Через много лет мы встретились, и они с обидой сказали мне: «Мы прочитали в твоем интервью, что тебе не нравилось на нашем курсе. Почему? Мы совсем этого не замечали». «Естественно, не замечали, – ответила я. – Я умела себя вести».

– Жили только на стипендию?

– Которой хватало на два дня.  Я жила в общежитии на Трифоновке. Мне было трудно, потому что родители не высылали ни копейки из-за того, что уехала без разрешения. Через много лет папа признался, что ждал, когда его любимая дочка вернется.

– Строгий был у вас папа…

– Очень. Даже вещи не высылали. В десятом классе мне пошили шикарное пальто с огромной чернобуркой. Я написала маме, что наступает зима, мне надо в чем-то ходить в институт.  Но папа запретил маме выслать его мне.

– В чем же вы ходили?

– Я жила в общежитии в комнате вместе с Машей Полицеймако. Мы с ней нашли какое-то старое пальто в театре, покрасили его в черный цвет. В подкладку засовывали старые кофты.
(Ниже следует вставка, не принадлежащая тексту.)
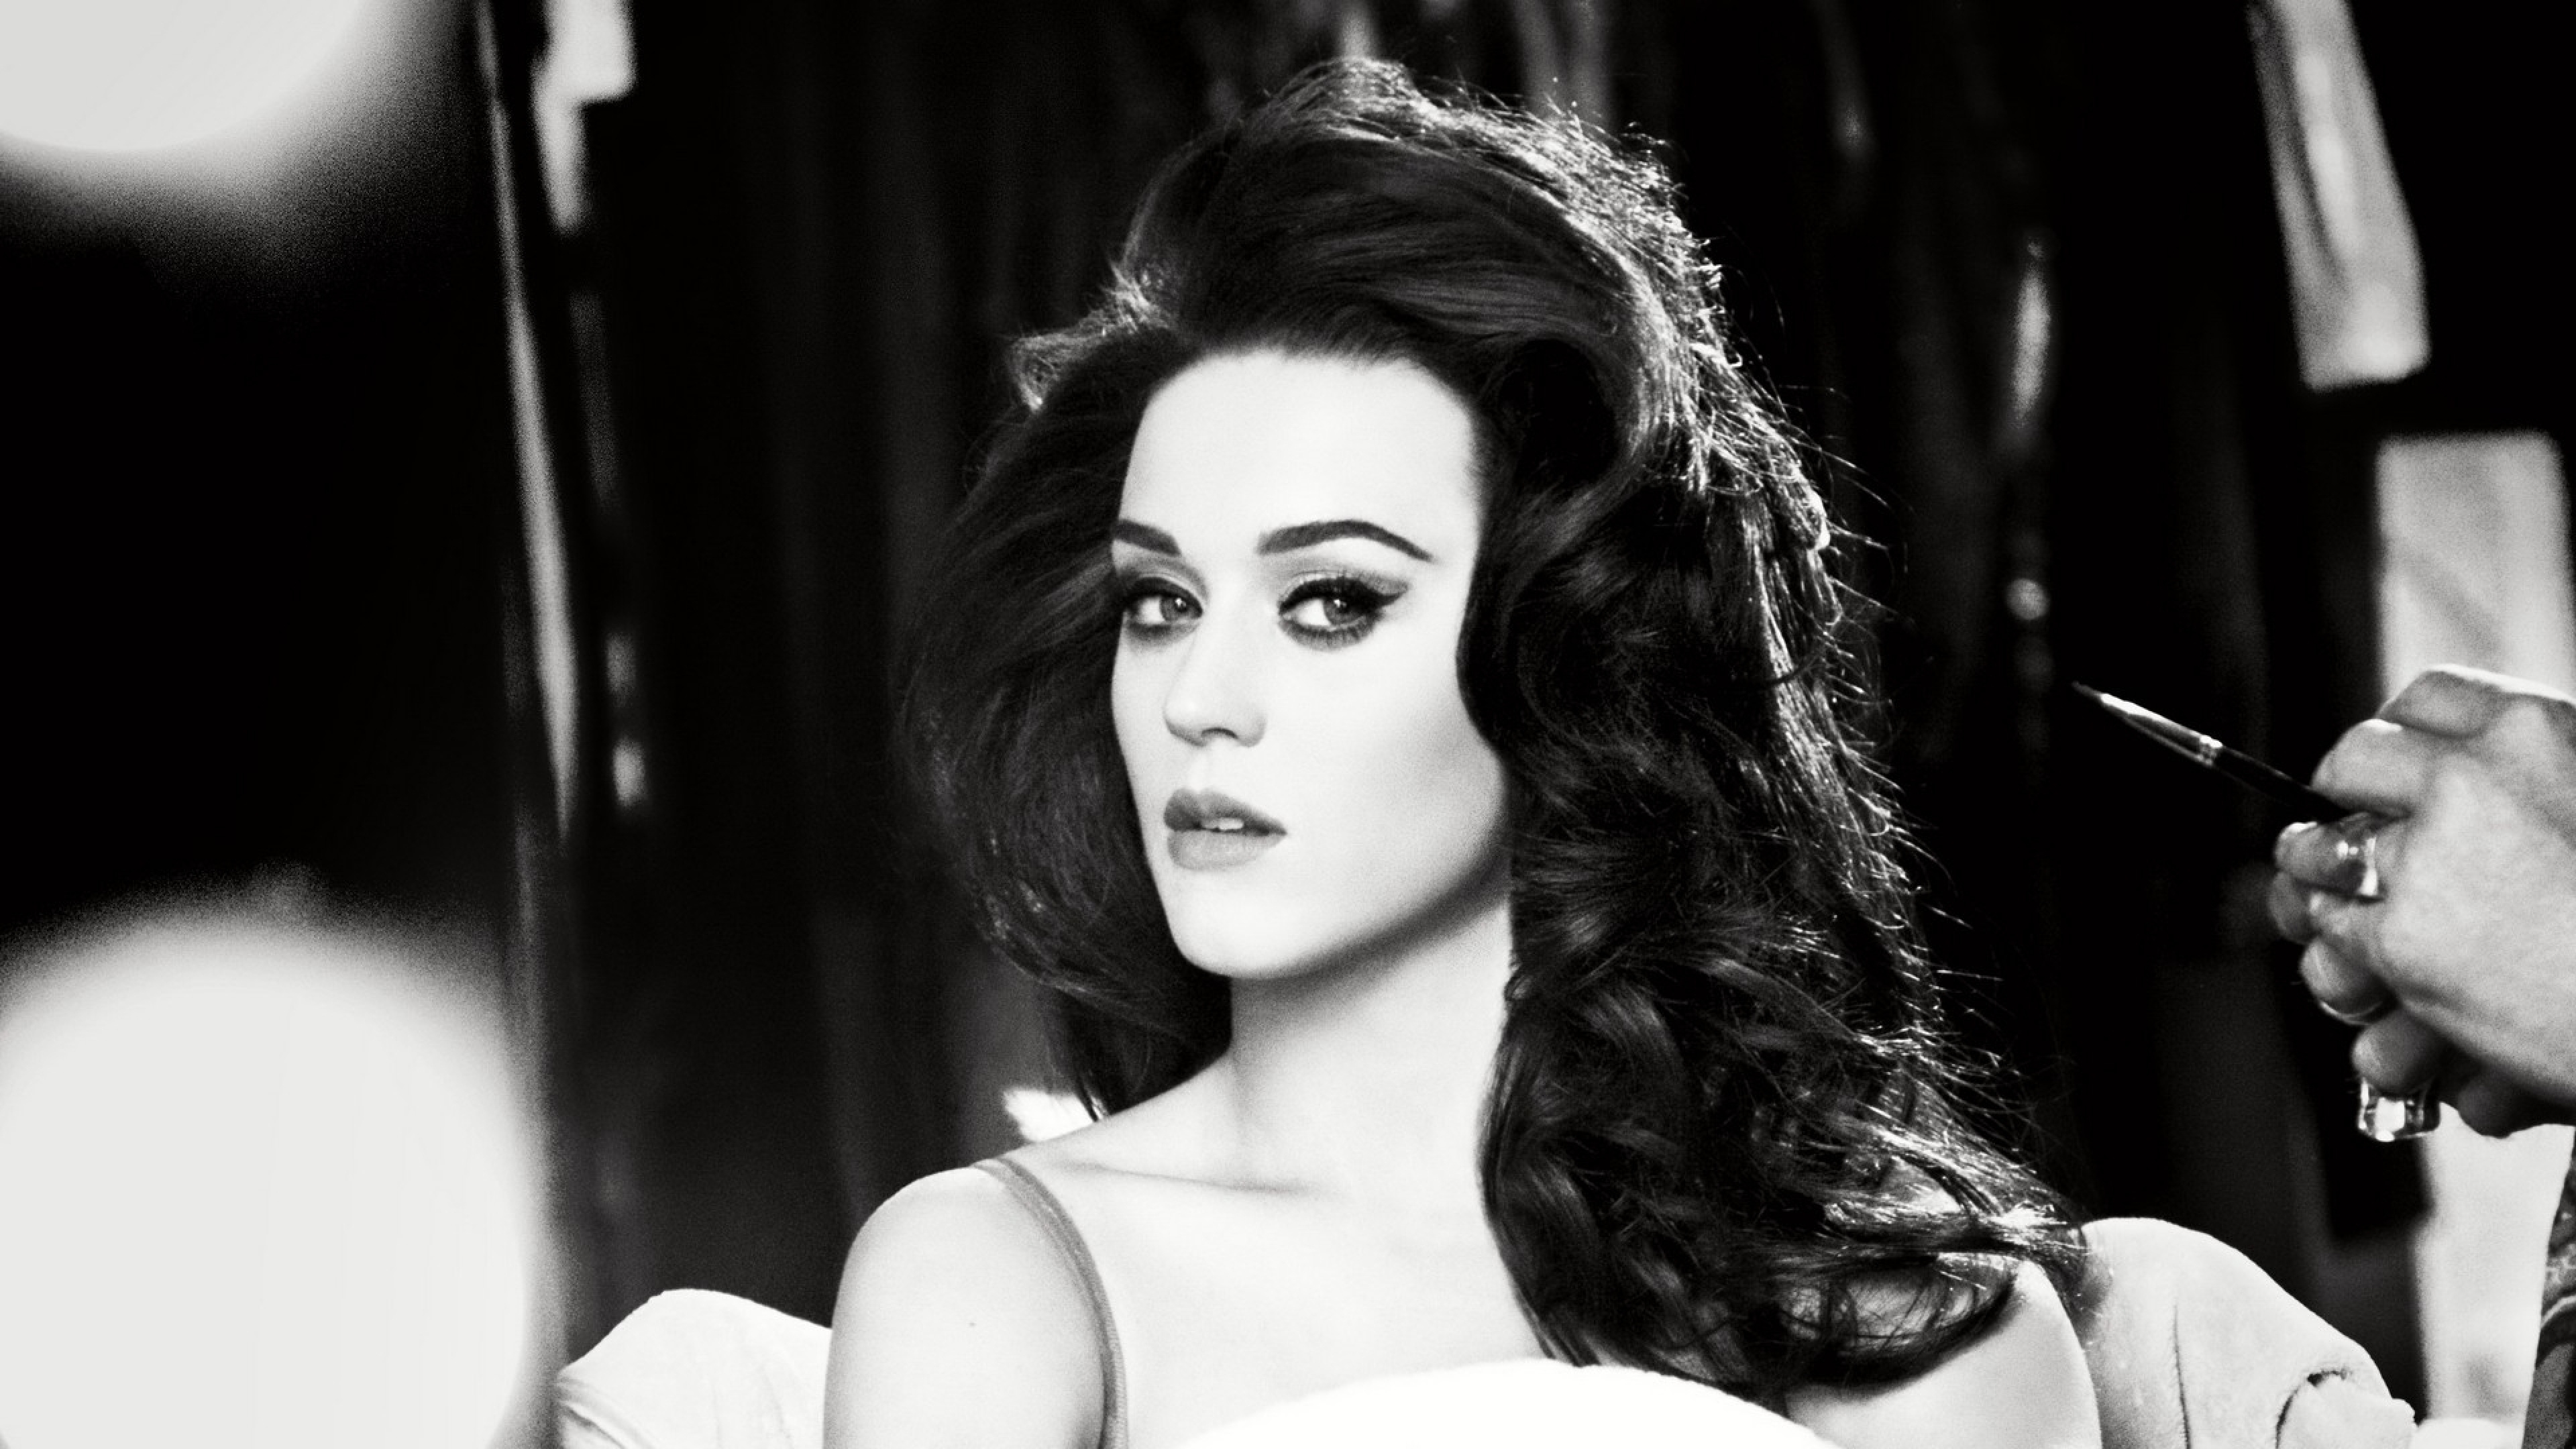 Cute HD Wallpaper Katy Perry

С родителями примирилась, когда  приехала к ним с годовалой дочкой Катей. Через несколько лет, в начале семидесятых с театром Ленинского комсомола приехала в Казань на гастроли.  Я уже была ведущей молодой актрисой, и почти весь репертуар был мой. Папа посмотрел спектакли, сказал: «Я был неправ».

Мы играли в новом здании оперного театра. Всю мою родню посадили в ложу. Местное телевидение сделало про меня передачу, пригласили всех моих педагогов. Чуть ли не национальную героиню из меня сделали.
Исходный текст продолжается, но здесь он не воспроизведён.